The War Illustrated, Volume 5, No. 123, Page 550-551, March 10, 1942.
The majority of the British women and children were evacuated from Singapore before the final Japanese assault. From The Daily Mail correspondent, Cedric Salter, came this impression of the scene on one of the liners engaged in the work of rescue.
Women and children are sleeping on the decks, in hammocks slung from all conceivable supports, and on the floors of packed cabins and saloons aboard this great North Atlantic liner, now a rescue ship. The liner landed Indian reinforcements at Singapore before picking up 900 British women and 500 children to carry them to safety.
Twice we have been attacked. Once a bomb fell only 30 yards away, blotting out one of the tugs helping to nose us out of harbour. All four of the tug's crew were killed, and a dozen small holes were drilled in our own side. But after three days we were out of range of enemy bombers.
There is still need for unceasing vigilance, however, against submarines or surface raiders. In my two-hour turns on watch, shared with the mere handful of men on board. I have seen nothing but the endless waste of blue water. Fierce line squalls occasionally scud across our path, lashing us at our look-out posts with warm rain, which a minute later rises in steam from our clothes as the scorching sun reappears.
The drama of life goes on aboard ship. There have already been four births. Most of the women have left homes and husbands behind in besieged Singapore, but even so the ship has something of the holiday air it used to have on its peacetime fashionable summer cruises.

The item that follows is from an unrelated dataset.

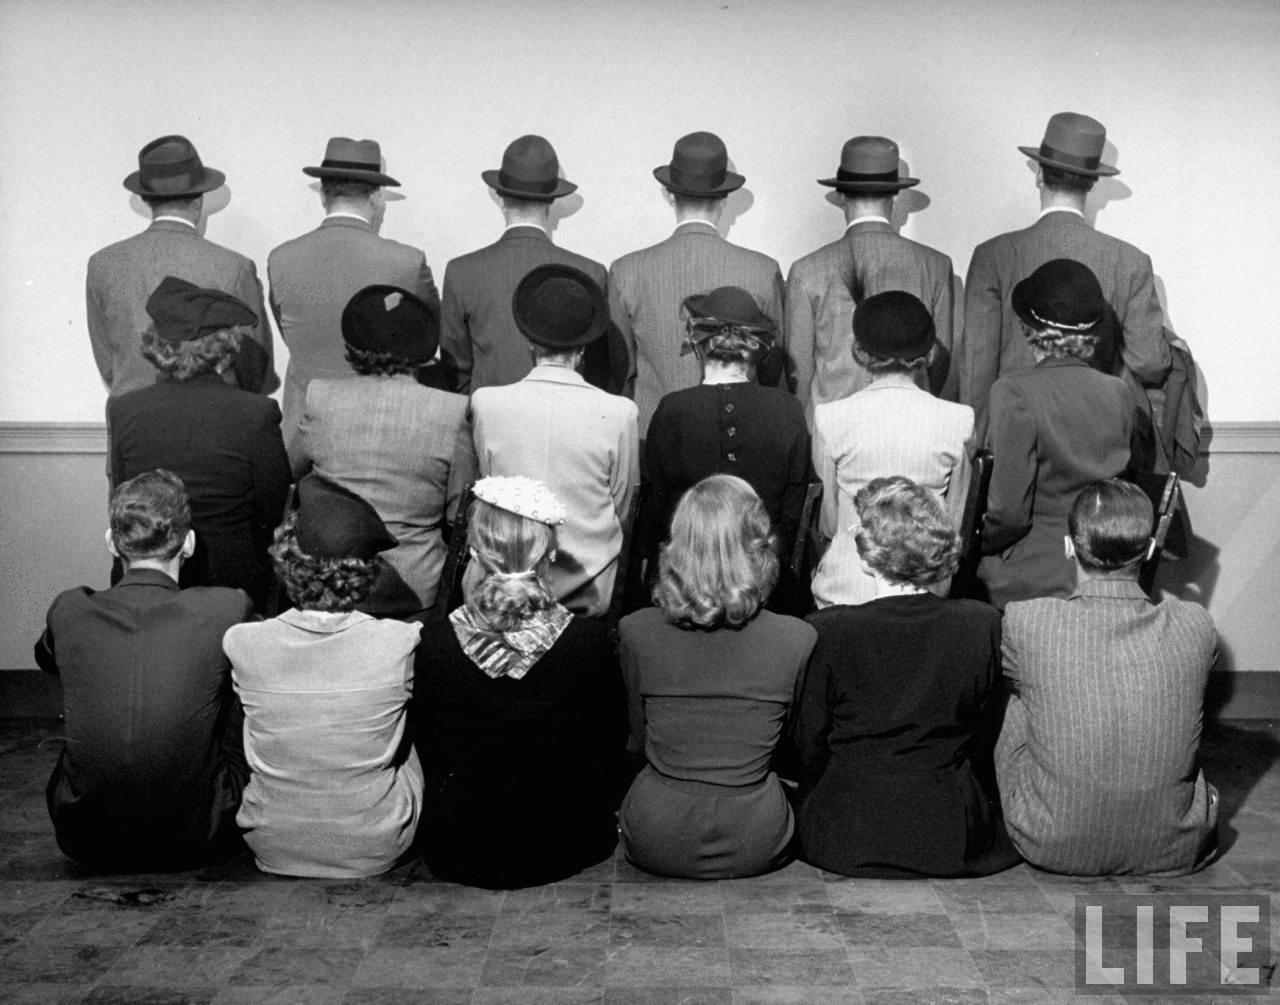 Fotó: Nina Leen: A Macy's civilruhás biztonsági őrei, 1948. december © Nina Leen/Life Magazine

Only for the hushed quarter of an hour when the news is broadcast from London is there any tension. Gaiety then dies out of faces as the grim story is told of those left behind.
Beach pyjamas or shorts are the mode. But the wearers must wait on themselves, carrying heavy trays from the kitchens to release the skeleton staff of overworked stewards for the actual cooking. Long lines of drying laundry continually flutter in the hot tropical wind.
The greatest hardship is the black-out. It means that every porthole and door must be sealed at night against showing a light. In the airless temperatures of the hundreds the heat becomes intolerable. The result is that now, after nearly a week, some of the children are pale and fretful. Their mothers even are showing signs of strain.
I am writing this in my "quarters" – a mattress under the long muzzle of a gun mounted aft – as Lights Out is being sounded. The faintly phosphorescent wake is stretching away towards the east as the ship bears its cargo from danger towards friendlier land.